Let: $$\Phi_{mn}=g(x-mD)e^{-inWx}$$ $$g(x)=\frac{1}{\sqrt D}P(\frac{2x}{D}h(x))$$ $$P(x)=\begin{cases} 1 & \quad -1<x\leq 1\\ 0 & \quad \text{else}\\ \end{cases}$$ were $D=1,W=2\pi$ and $$h(x)=\begin{cases} 1 & \quad 0<x\\ 0 & \quad \text{else}\\ \end{cases}$$ Why is it easy to see $\Phi_{mn}$ is not orthogonal?
It is supposed to be a quick and visible without a proof answer in a multiple choice test.
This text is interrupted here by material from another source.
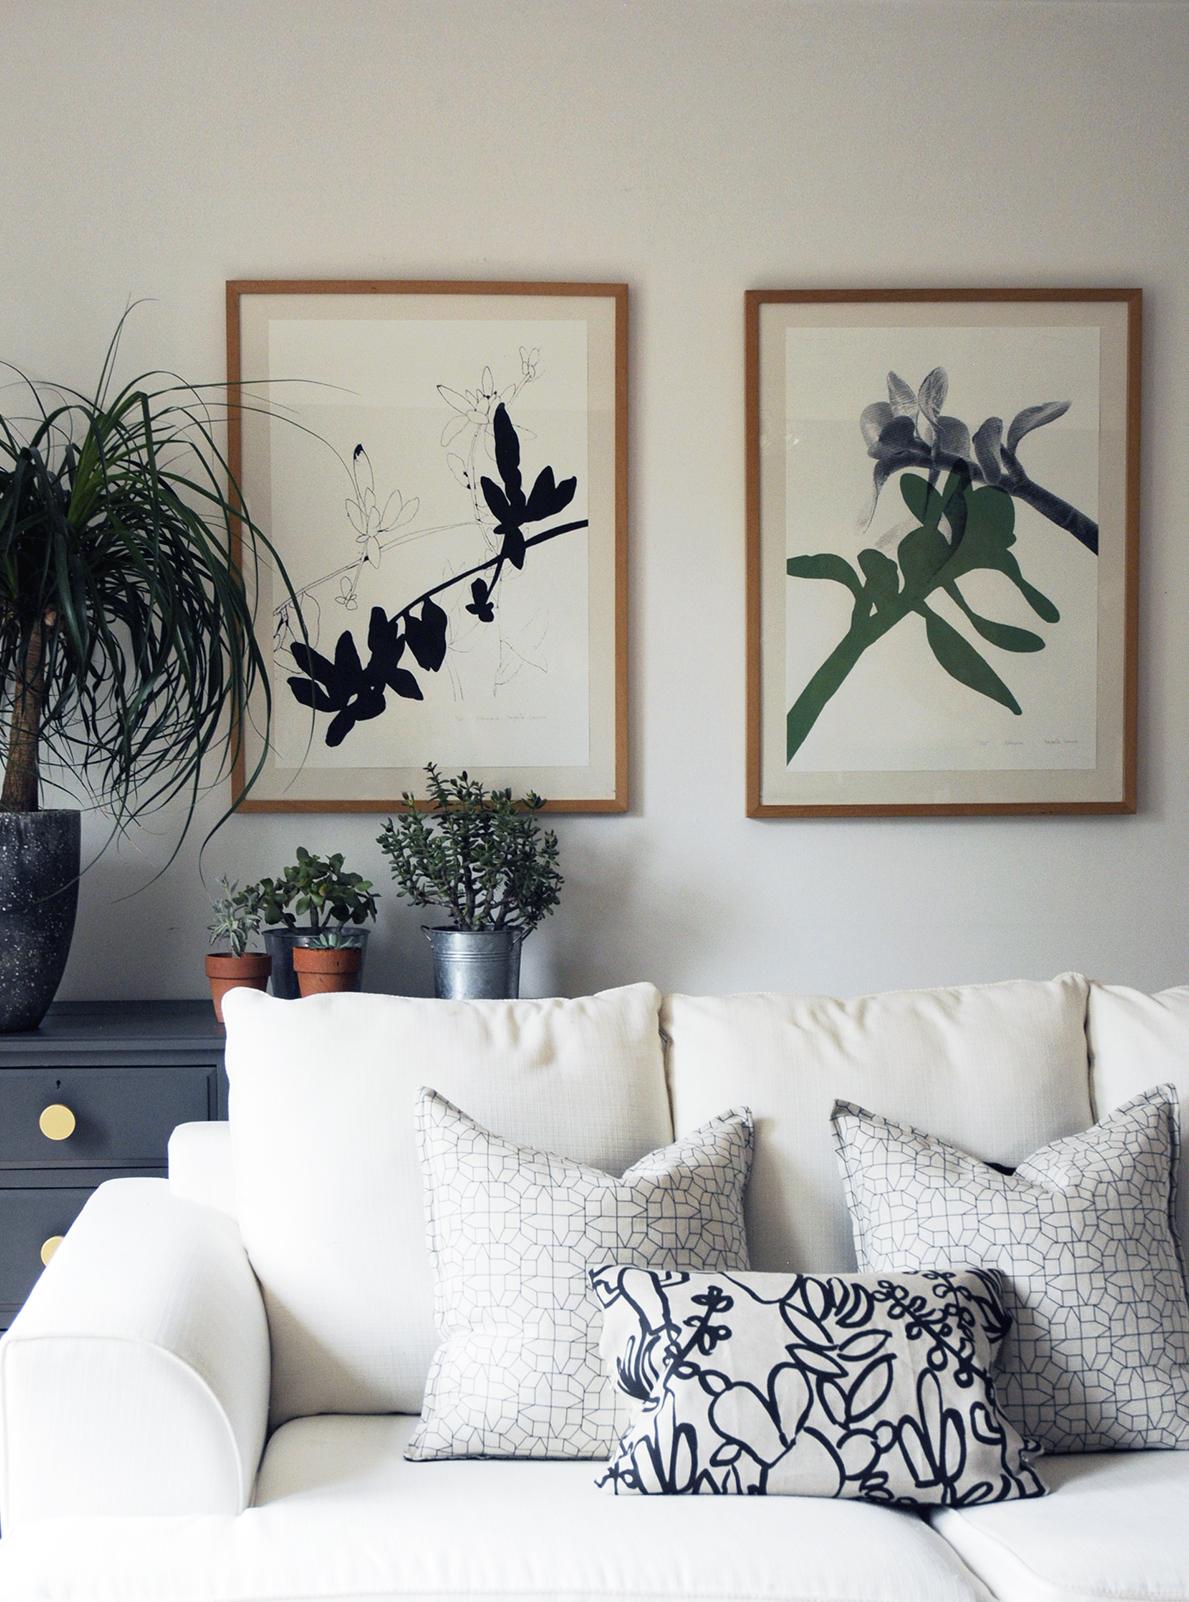 Drawing Room Furniture Design: Botanical Art Print, Wall Art, Black, White And Green

It is clear that $g(x)=1$ on $(0,1/2)$ and $0$ outside this interval.
Thus $g(x-m)=1$ on $(m,m+1/2)$ and $0$ outside this interval.
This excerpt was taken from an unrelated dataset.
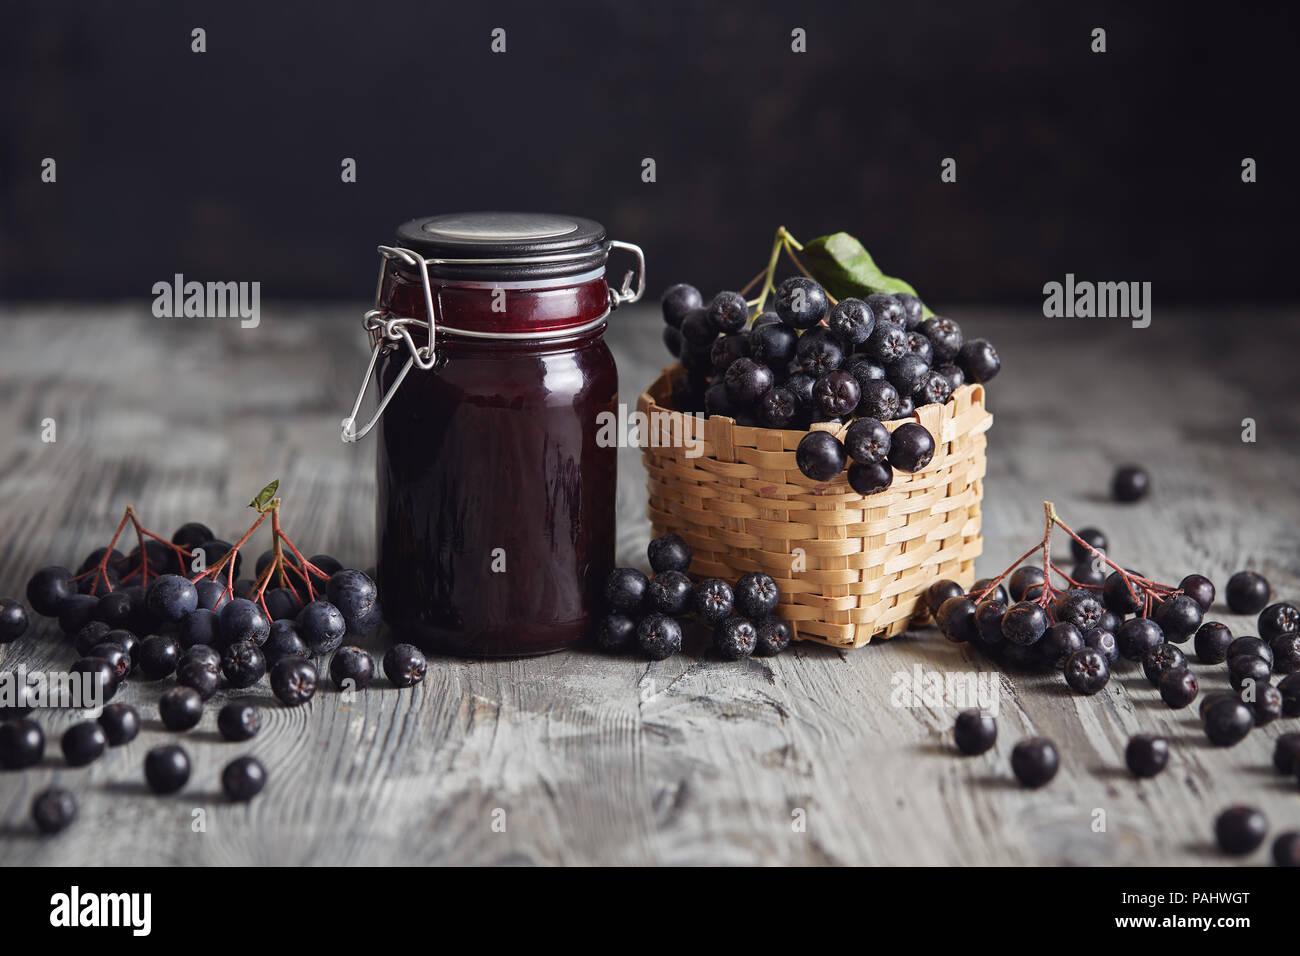 Aronia jam next to fresh berries. Homemade aronia jam in glass jar with fresh aronia berries on wooden table. - Stock Image

The basis is not orthogonal because - in particular - dot products (in the hermitian sense)
$\langle \Phi_{m,n}, \Phi_{m,n+1} \rangle$ (with the same $m$) are non zero : they are equal to
$$\ \int_{m}^{m+1/2} e^{2i\pi n x}e^{-2i\pi (n+1)x}dx=\int_{m}^{m+1/2} e^{-2i\pi x}dx=\dfrac{i}{\pi}\neq 0$$
Remark: one can be fooled by the fact that many other dot products are zero. In particular, if $m \neq m'$, all dot products $\langle \Phi_{m,n}, \Phi_{m',n'} \rangle$ are zero (no common support between $[m,m+1/2]$ and $[m',m'+1/2]$).